▶ Information given

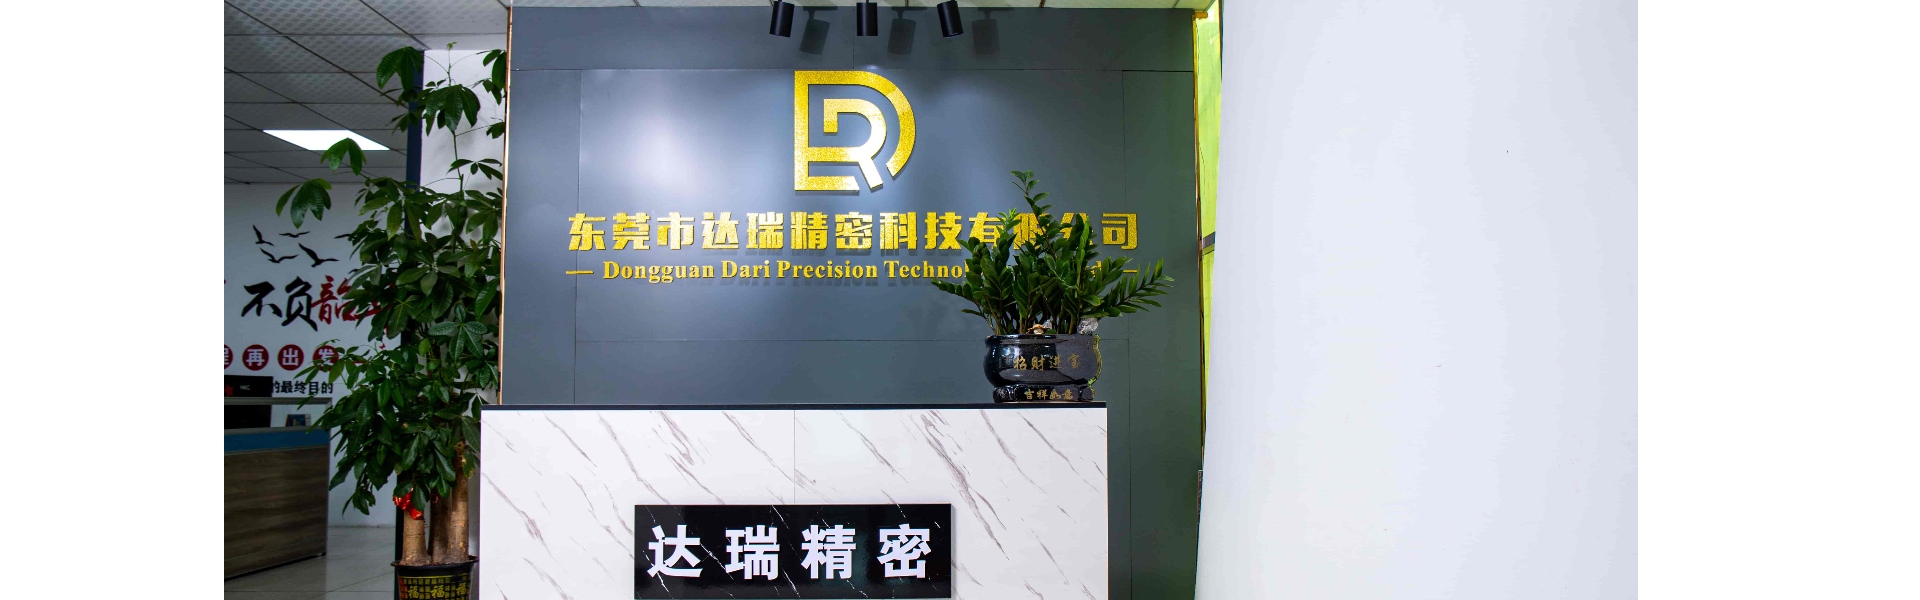 แม่พิมพ์พลาสติก, การฉีดขึ้นรูป, เปลือกพลาสติก,Dongguan Darui Precision Technology Co., Ltd.
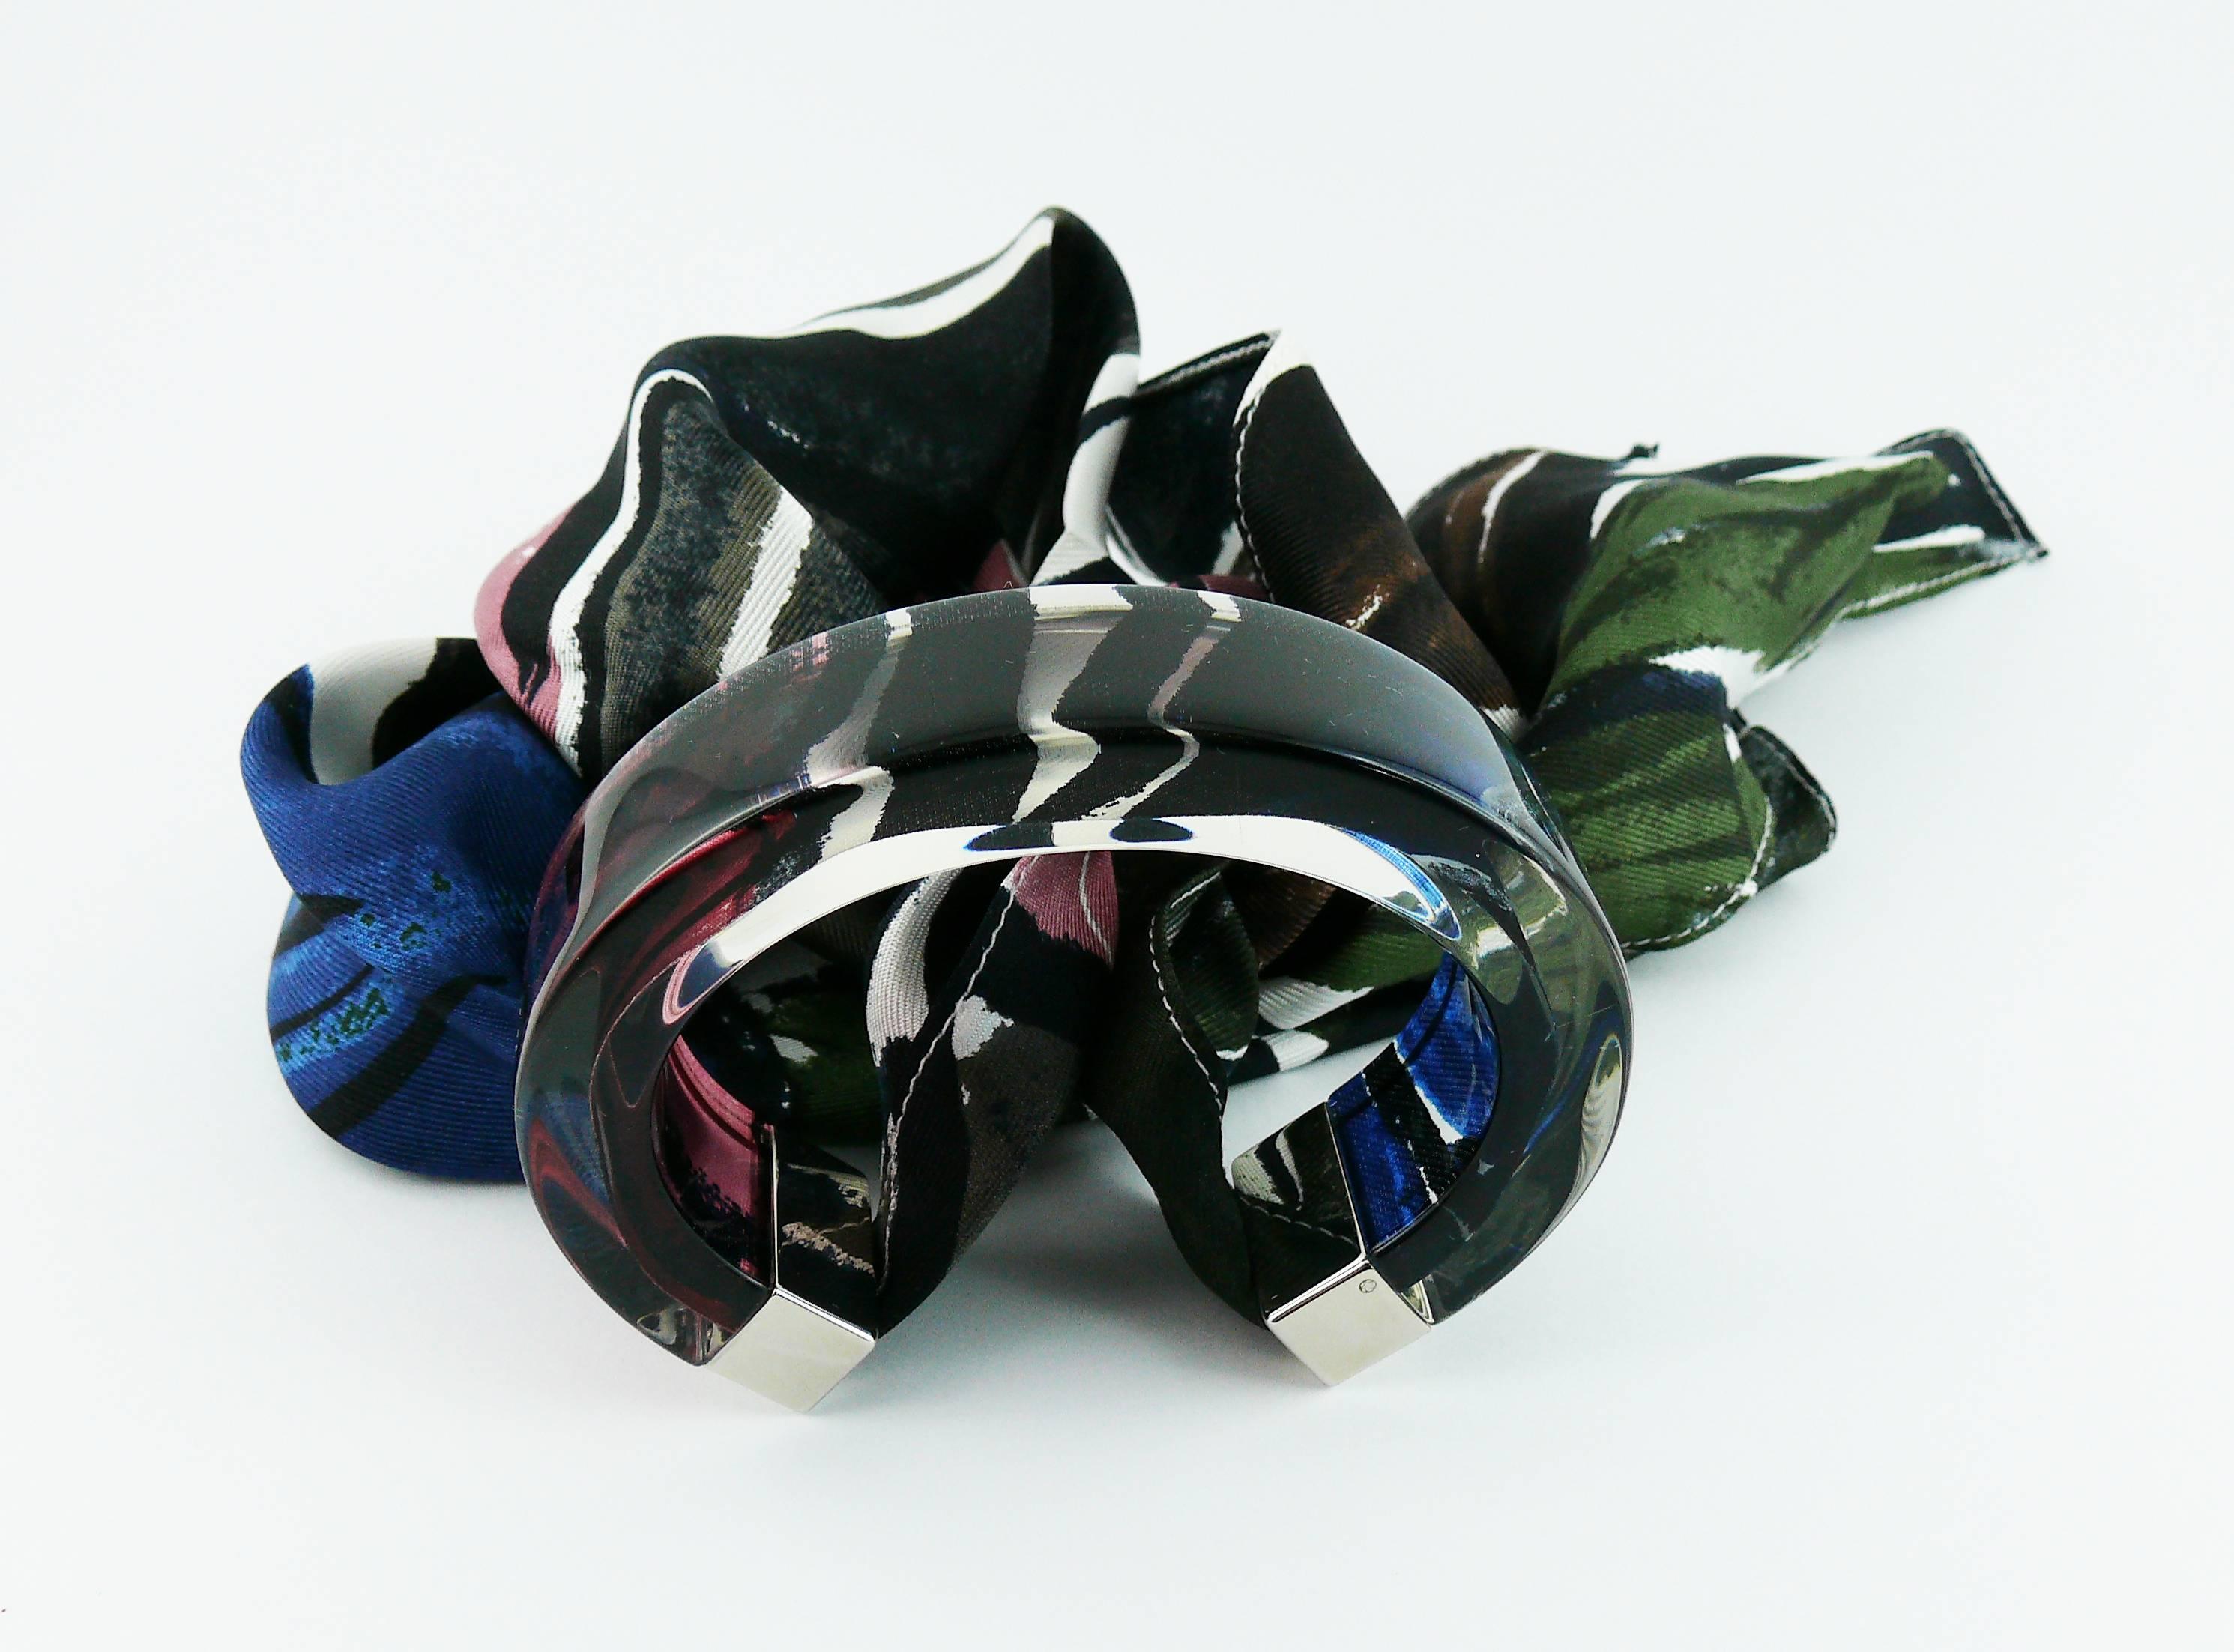 Bracelet CHRISTIAN DIOR en lucite transparente avec un foulard en soie multicolore attaché.

Embossé DIOR.

Mesures indicatives : longueur intérieure maximale d'environ 5,9 cm (2,32 pouces) / largeur du bracelet en résine d'environ 1,9 cm (0,75
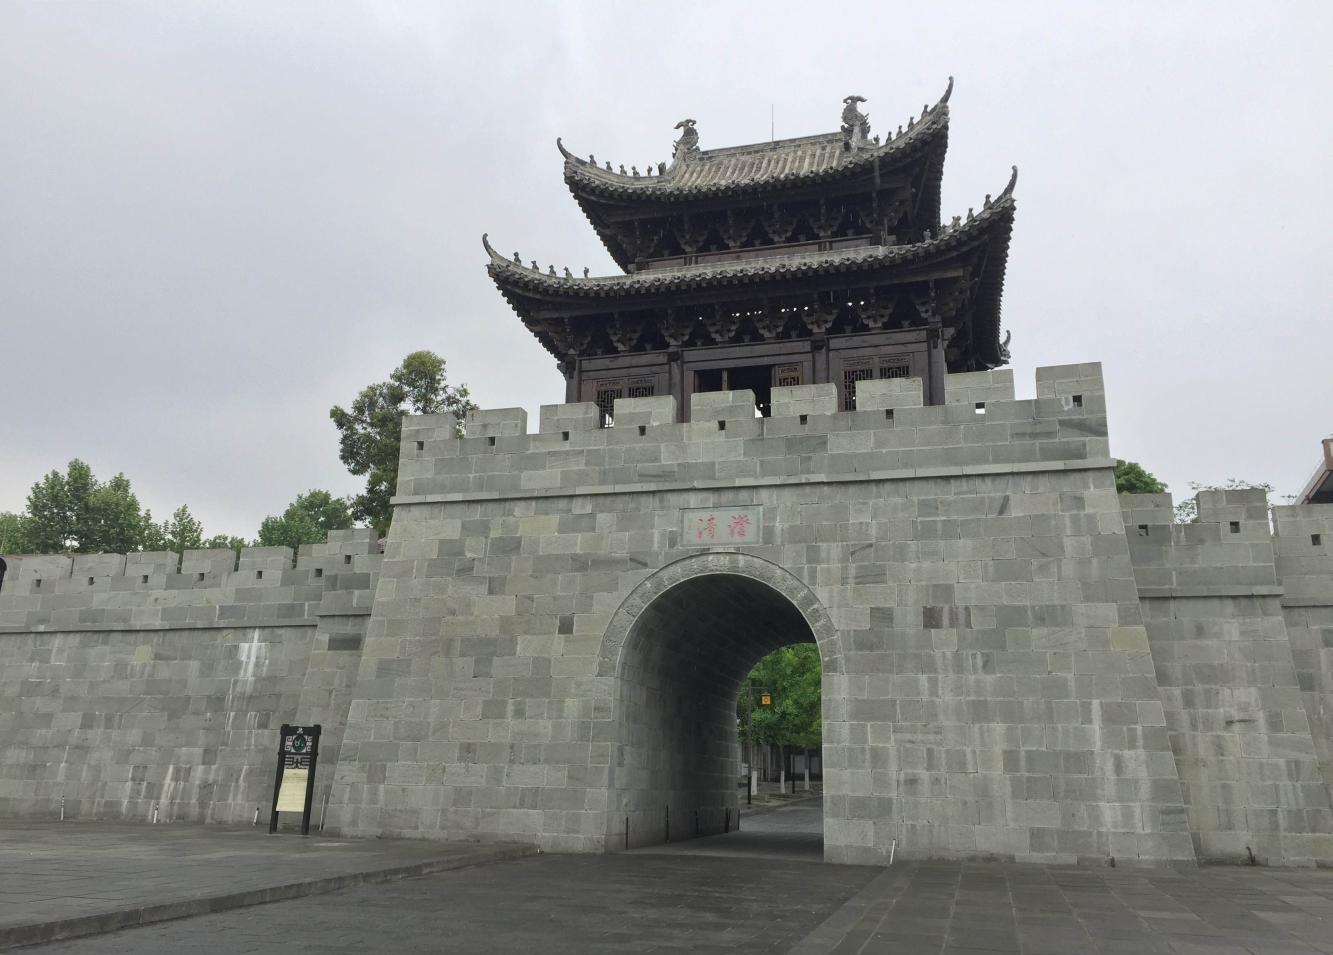 中国四大古城, 历史悠久的四座城池, 哪一座
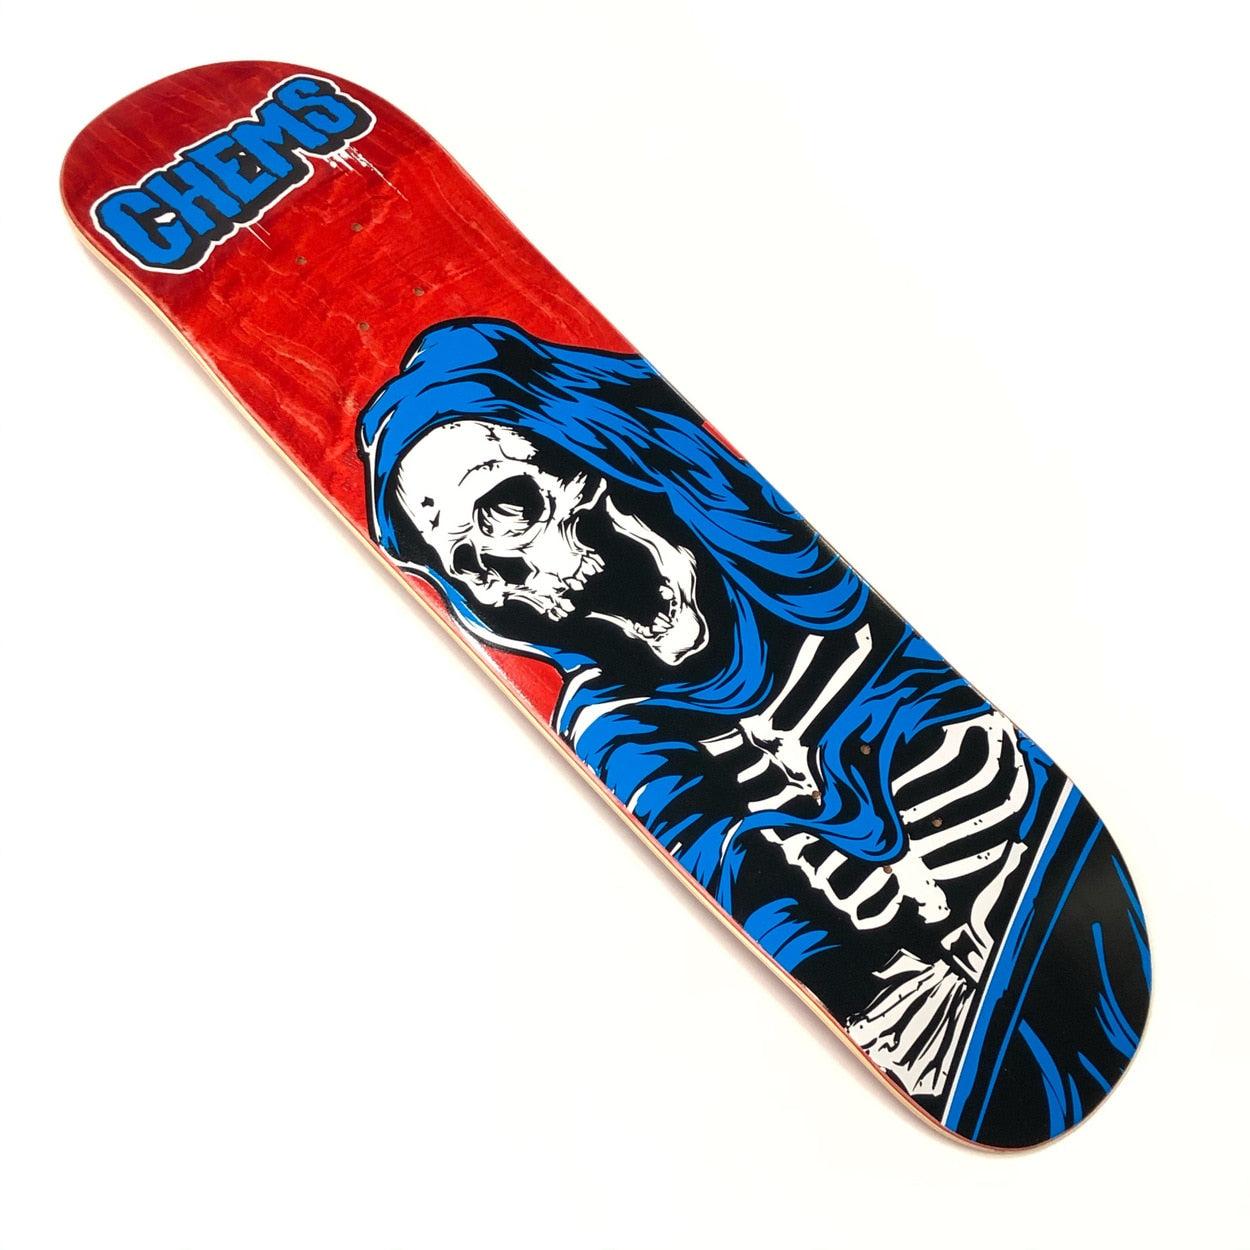 Chems Reaper Skateboard Deck - Red

▶ What you have to do
Since the pictures are not wanted, transcribe only the rest of the material above, exactly as it stands.

▶ Your response
 แม่พิมพ์พลาสติก, การฉีดขึ้นรูป, เปลือกพลาสติก,Dongguan Darui Precision Technology Co., Ltd.
 Bracelet CHRISTIAN DIOR en lucite transparente avec un foulard en soie multicolore attaché.

Embossé DIOR.

Mesures indicatives : longueur intérieure maximale d'environ 5,9 cm (2,32 pouces) / largeur du bracelet en résine d'environ 1,9 cm (0,75
 中国四大古城, 历史悠久的四座城池, 哪一座
 Chems Reaper Skateboard Deck - Red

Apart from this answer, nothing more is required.